The above title is not meant to be derogatory. I did um-and-ah about it for a while, toying with alternatives such as ‘International British’, ‘Aspirational English’ or even ‘Fake British’, but let’s stick with the current option as I think it best captures the points I am going to make.

This post is inspired by a visit a couple of months ago to the rather magnificent Rosewood London luxury hotel situated in the High Holborn area, which opened just over a year ago. What is notable about this establishment is the ambition to offer something which captures a mix of British manor heritage (intriguing) and contemporary design (more familiar). The end result deserves inspection; there is good intent but actual delivery is sometimes compromised.

First to the building itself – well, it is rather magnificent. It is an Edwardian neoclassical construction started in 1912 and expanded upon in four stages over nearly 50 years, during which time it was the headquarters for the Pearl Assurance Company. Here we have already encountered our first pastiche – the architectural style – which is inspired by something that was initially about simplicity, purity and careful elegance.  However, 252 High Holborn is a huge soaring pile complete with gatehouse and courtyard (hence the ability to have manor house pretensions).

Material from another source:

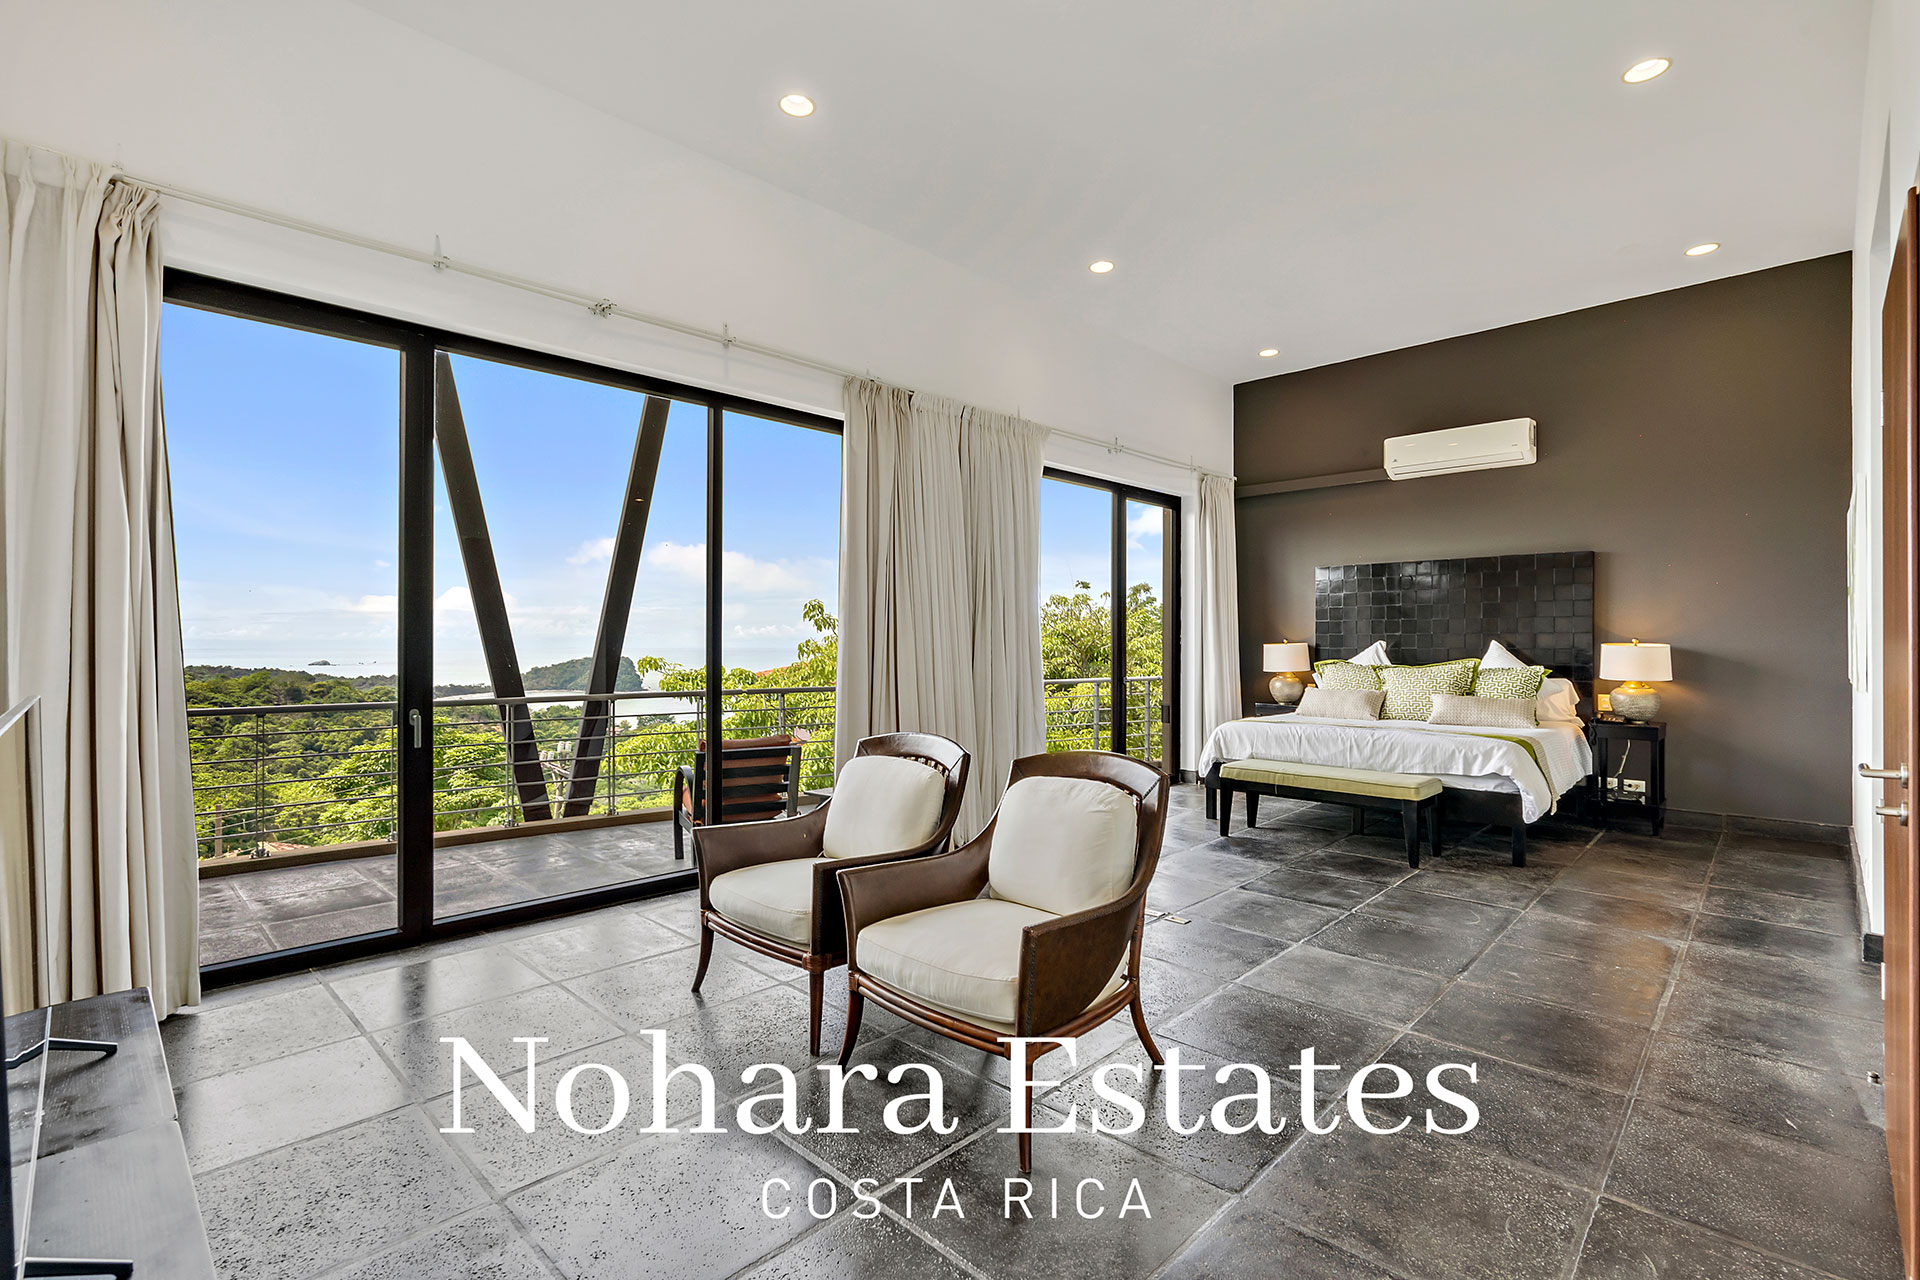 Nohara Estates Costa Rica 128 Penthouse Quepos Los Altos 2

Inside, the ‘wow’ factor comes from a combination of original features, such as the Renaissance-style seven-storey grand staircase made from seven types of marble, including extremely rare types such as Swedish Green and Statuary, and from modern additions. The most memorable of the latter is the rose bronze gallery which you encounter when you first enter the hotel before stepping through into the more expected luxury slick chic.

We had the opportunity to luncheon in the Holborn Dining Room, which was perfectly pleasant. Perhaps unsurprisingly the menu also had British aspirations and included dishes which are de rigeur when trying to show local alignment: spelt risotto, fish and chips, queen of puddings anyone?

Perhaps the most quixotic element was the staff. I should begin by pointing out that they were very lovely and extremely helpful.  They too were part of the British manor heritage scene thanks to their uniforms, which consisted of a mish-mash of tweed, flat caps and tartan (of course). Moving on from the rather deliciously posh pantomime effect of these outfits, what was more incongruous was the fact that not one of the staff we encountered was actually British! There was a charming and extremely camp Thai butler, resplendent in his assortment of tweeds, followed by a more brooding Spaniard the next day, whilst the waiters in the restaurant were an assortment of continental Europeans and I think the grounds man/game-keeper wannabe outside in the courtyard was probably Polish. Case made.

Rosewood courtyard staff

In terms of the interiors, here too we can find this international Britishness. The sides of the lobby were decorated with large paintings of English landscapes, but painted by a Chilean artist. Below these paintings, there was a disconcertingly lifelike porcelain bulldog, but being watched over by tweeting birds in vast cages serenading guests entering the lifts. Quick explanation: birds are associated with good luck and abundance in Asia (Rosewood is owned by Hong-Kong based company New World Hospitality).

Rosewood acquired the very prestigious Hotel Crillon in Paris last year and are in the process currently renovating and revamping it. I am bemused by the thought of what French pastiche might be!